Scrapy抓取网站的前5页

hjzp0vay  于 2023-04-12  发布在  其他
关注(0)|答案(1)|浏览(173)

我正在解决以下问题,我的老板想从我创建一个CrawlSpiderScrapy刮文章的细节,如titledescription和分页只有前5页.
我创建了一个CrawlSpider,但它是从所有的页面分页,我如何限制CrawlSpider只分页的前5个最新的网页?
当我们单击pagination next链接时打开的站点文章列表页面标记:

列表页面标记

<div class="list">
      <div class="snippet-content">
        <h2>
          <a href="https://example.com/article-1">Article 1</a>
        </h2>
      </div>
      <div class="snippet-content">
        <h2>
          <a href="https://example.com/article-2">Article 2</a>
        </h2>
      </div>
      <div class="snippet-content">
        <h2>
          <a href="https://example.com/article-3">Article 3</a>
        </h2>
      </div>
      <div class="snippet-content">
        <h2>
          <a href="https://example.com/article-4">Article 4</a>
        </h2>
      </div>
    </div>
    <ul class="pagination">
      <li class="next">
        <a href="https://www.example.com?page=2&keywords=&from=&topic=&year=&type="> Next </a>
      </li>
    </ul>

为此,我使用带有restrict_xpaths参数的Rule对象来获取所有文章链接,接下来我将执行parse_item类方法,该方法将从meta标记中获取文章titledescription

Rule(LinkExtractor(restrict_xpaths='//div[contains(@class, "snippet-content")]/h2/a'), callback="parse_item",
             follow=True)

详情页标记

<meta property="og:title" content="Article Title">
<meta property="og:description" content="Lorem Ipsum is simply dummy text of the printing and typesetting industry.
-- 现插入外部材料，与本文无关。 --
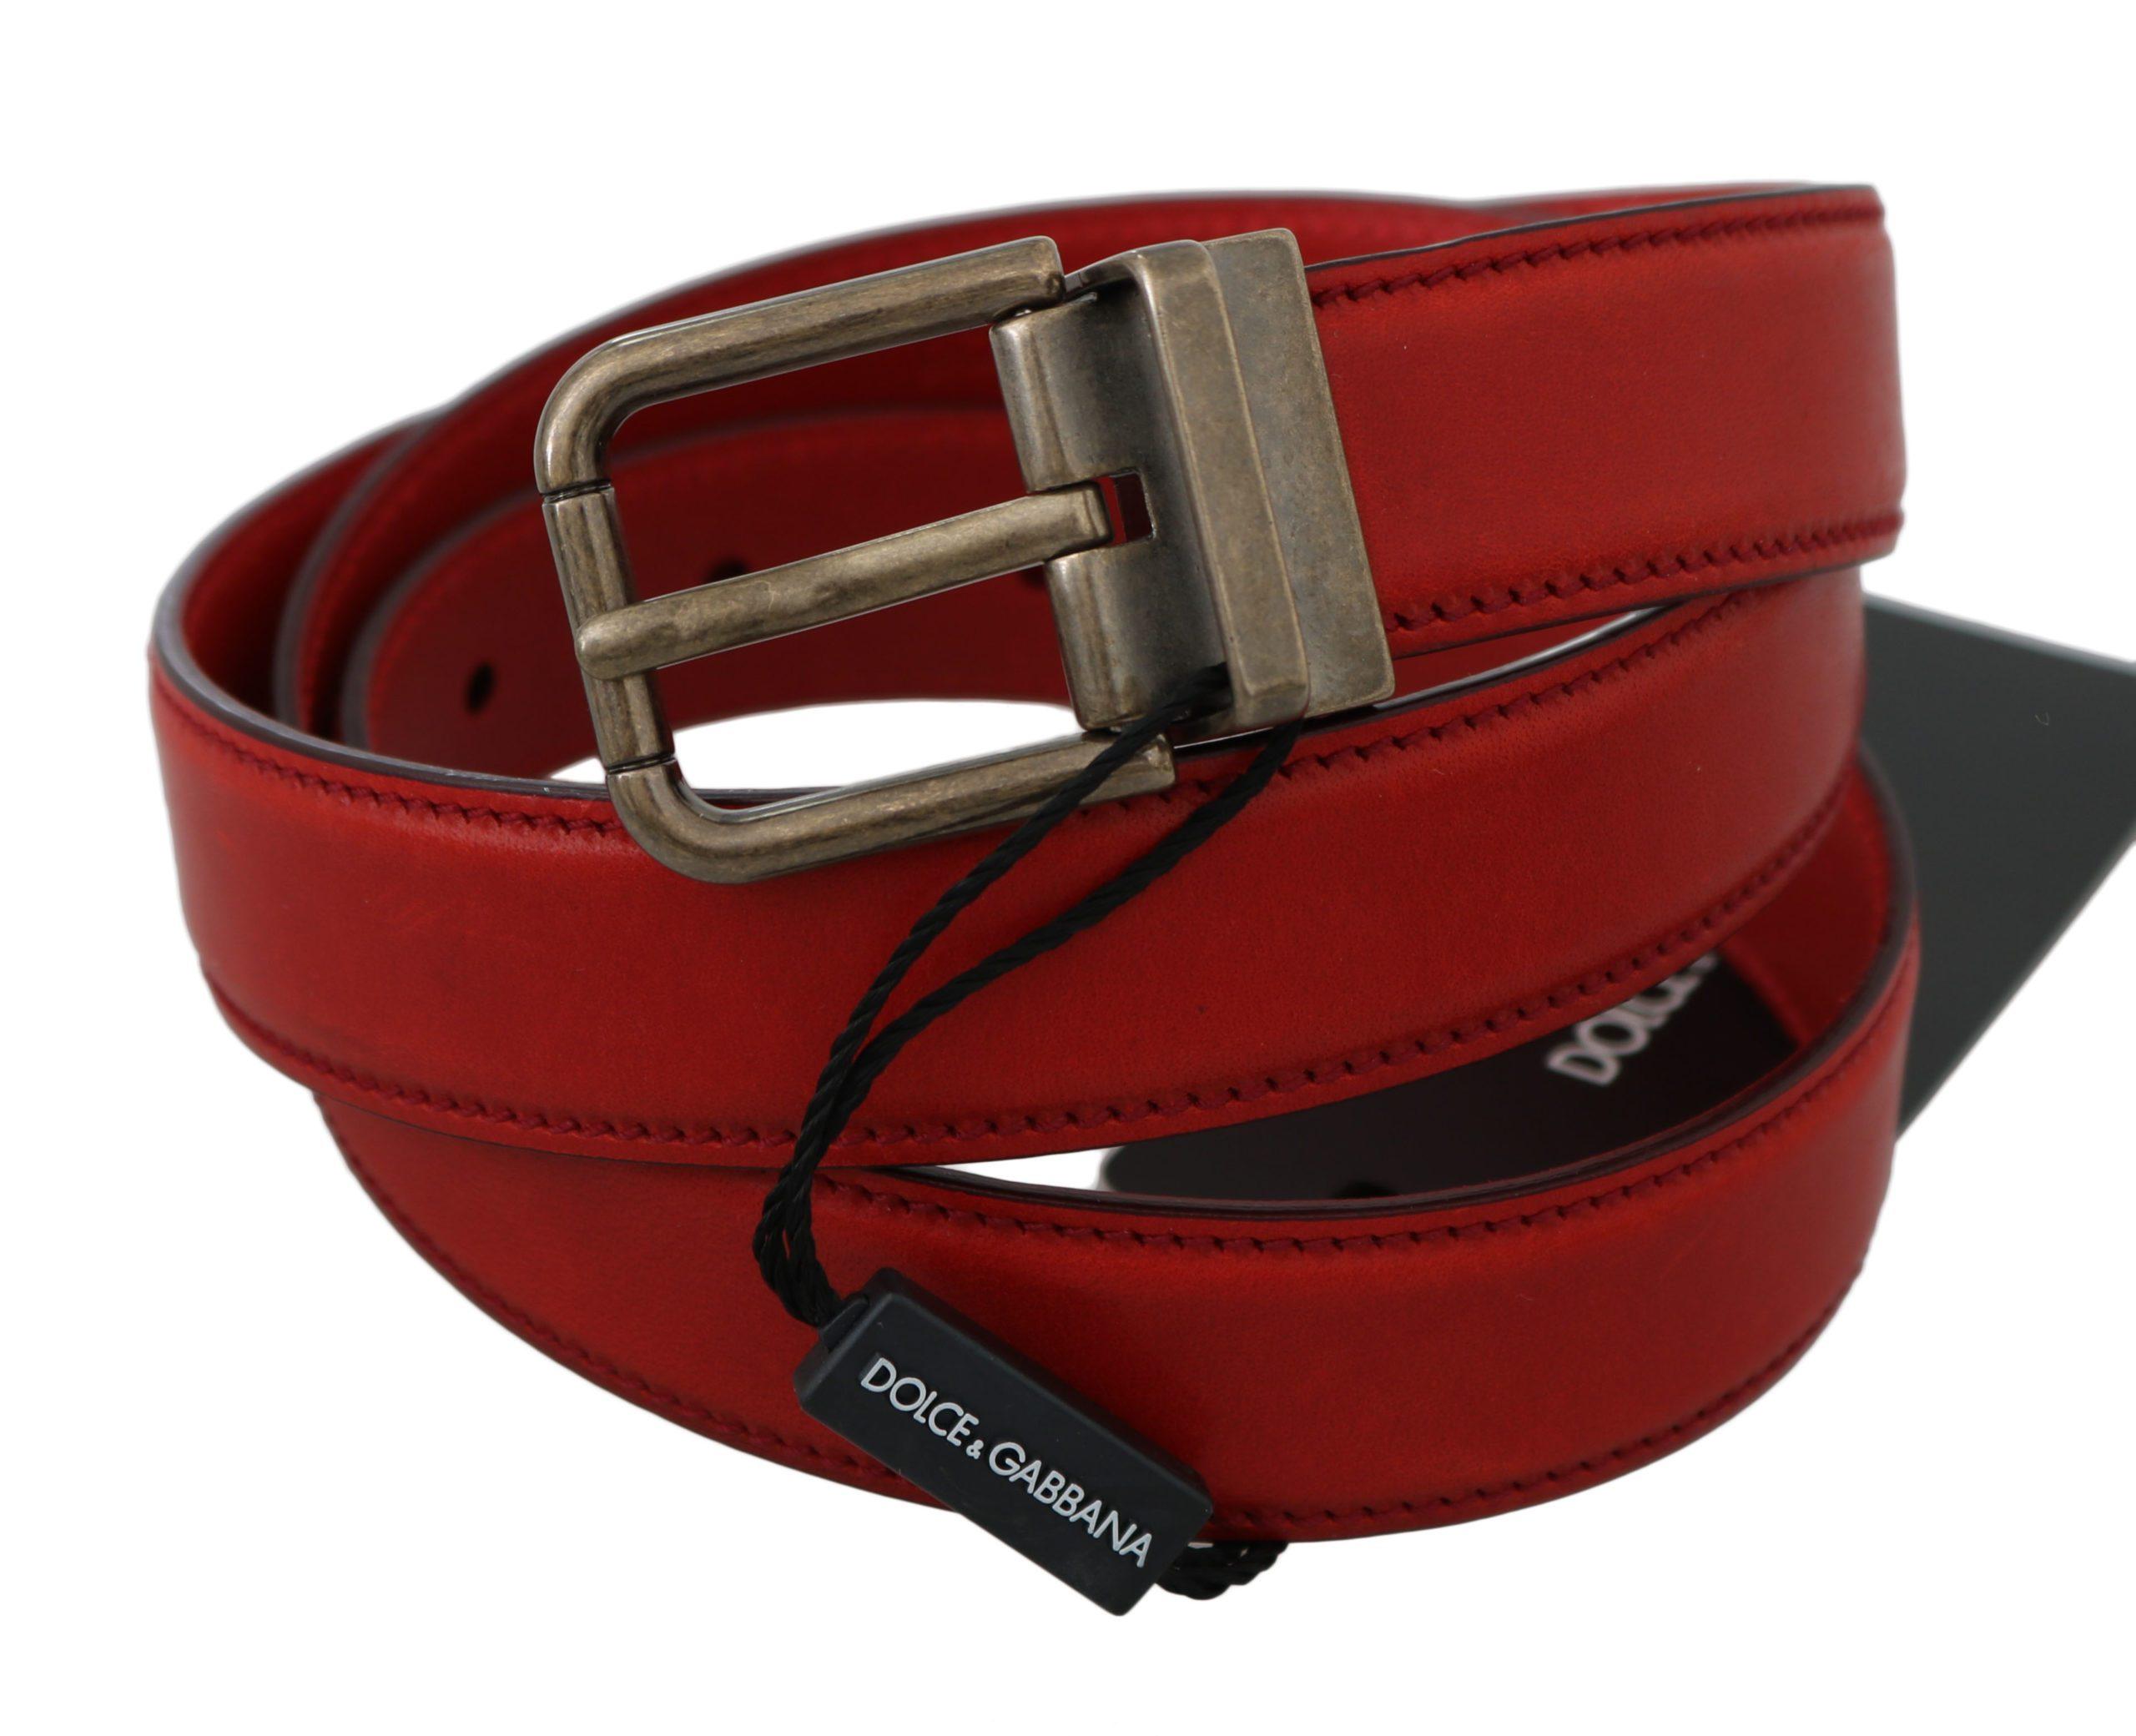 Dolce & Gabbana Men's Leather Metal Buckle Belt Red BEL60357 - 90 cm / 36 Inches

Lorem Ipsum has been the industry's standard dummy text ever since the 1500s, when an unknown printer took a galley of type and scrambled it to make a type specimen book. It has survived not only five centuries, but also the leap into electronic typesetting, remaining essentially unchanged. It was popularised in the 1960s with the release of Letraset sheets containing Lorem Ipsum passages, and more recently with desktop publishing software like Aldus PageMaker including versions of Lorem Ipsum.">

在此之后,我添加了另一个Rule对象来处理分页CrawlSpider将使用以下链接打开其他列表页面,并一次又一次地执行相同的过程。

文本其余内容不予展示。